The mix is loaded by a JCB onto a conveyor, where it first goes through a large meshed rotating drum, called a ‘trommel’ – like a giant washing machine drum.  The glass in the mix (compacted and broken up on collection) falls through the holes in the drum and is collected. 

It spills onto a conveyor where a magnet lifts all metal tins from the belt, a weak electrical charge (known as an eddy current) is sent through the remaining waste. Aluminium cans are momentarily charged to make them magnetic for an instant, which enables them to be removed. 

This leaves mixed plastics, cartons and any contaminants on the conveyor.  As the waste travels along the belt infra red light identifies the waste, it also knows its position on the belt. When the item reaches the appropriate skip it is blown off for bulking up. Even the bottle tops are recycled.

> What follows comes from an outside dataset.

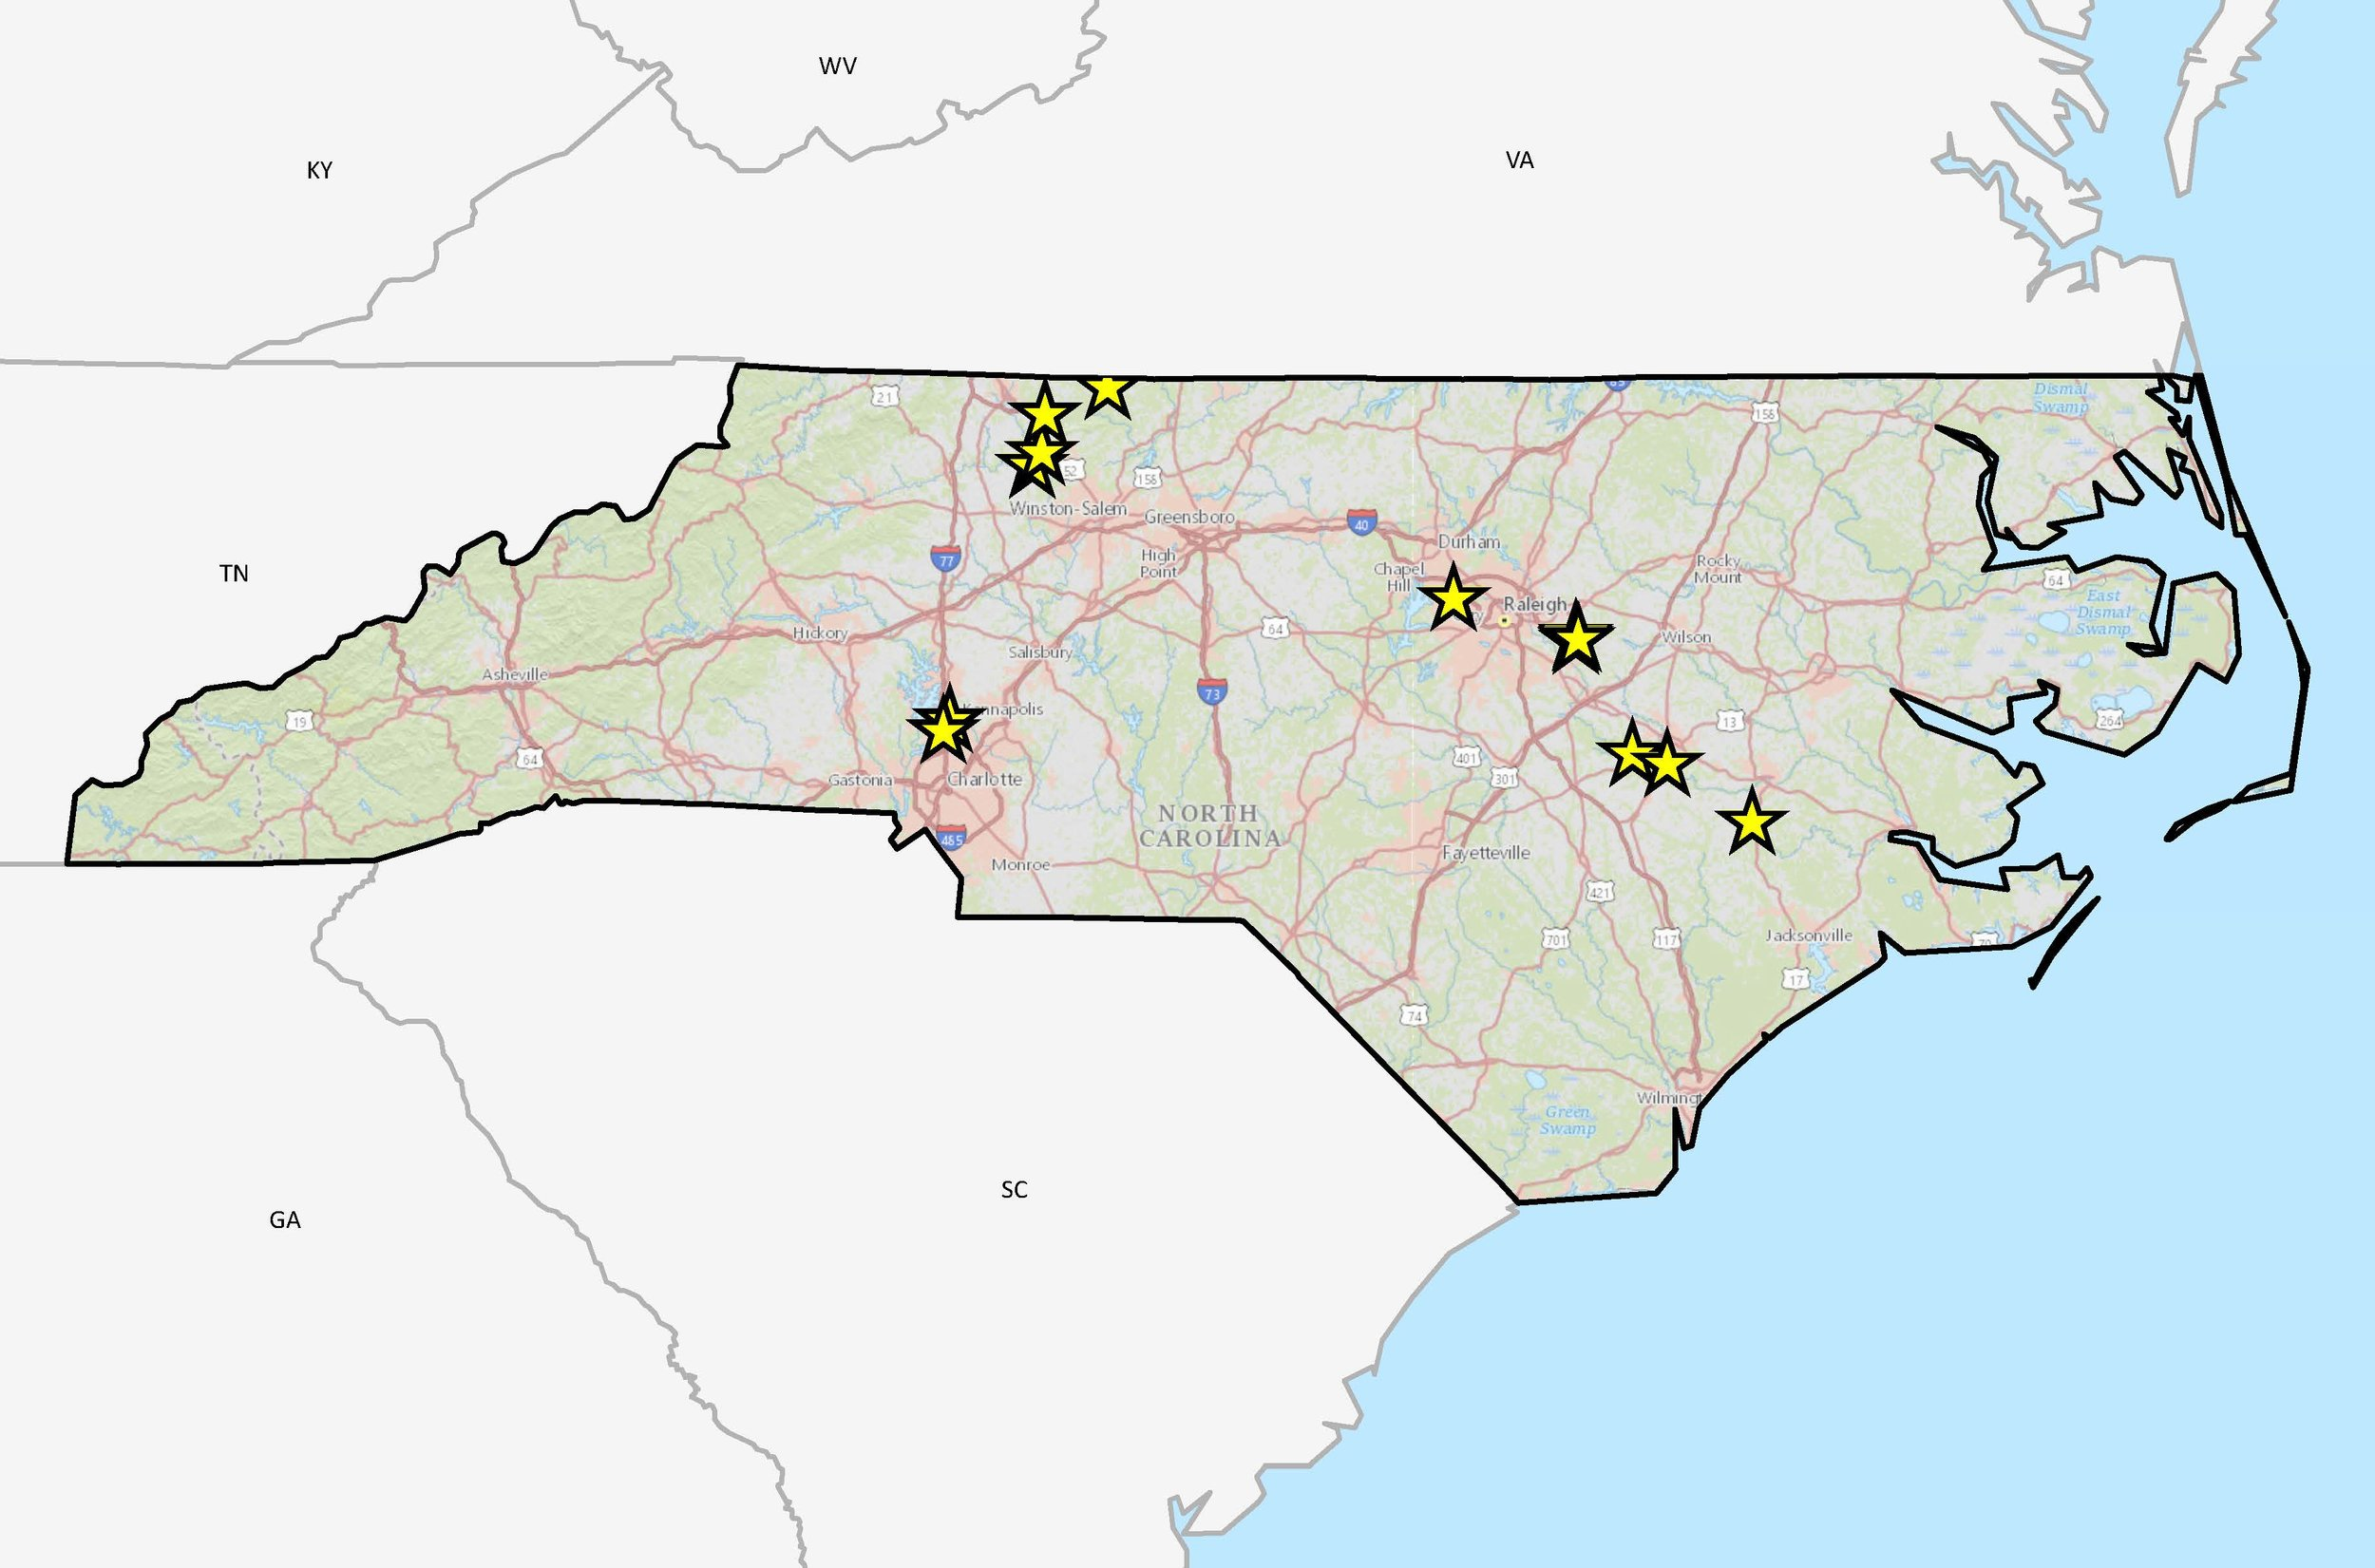 North Carolina Projects

A team of people remove any contaminants by hand and they are disposed of to landfill. 

The plastics are then taken onto a processing facility nearby where they are treated further.  They are put through a trommel, which spins them and shakes off the dirt.  A beam of light is shone through the bottles to determine whether they are HDPE (High Density Polyethylene) or PET (Polyethylene Terephthalate).   The bottles are further sorted manually and then ground into flakes.  The flakes are washed in hot water and then various flake sorters are used to remove coloured flakes and remaining contaminants.  The PET is treated further to remove the top layer of the bottle and the HDPE is melted, sieved and turned into plastic pellets.

  • The pellets are returned to the moulding machine to be turned back into plastic bottles closing the recycling loop.
  • Collected glass is sorted by colour and melted down into coloured glass.
  • Tins and Aluminium are taken to a foundry to be turned into blocks
  • Cartons are turned into brown board.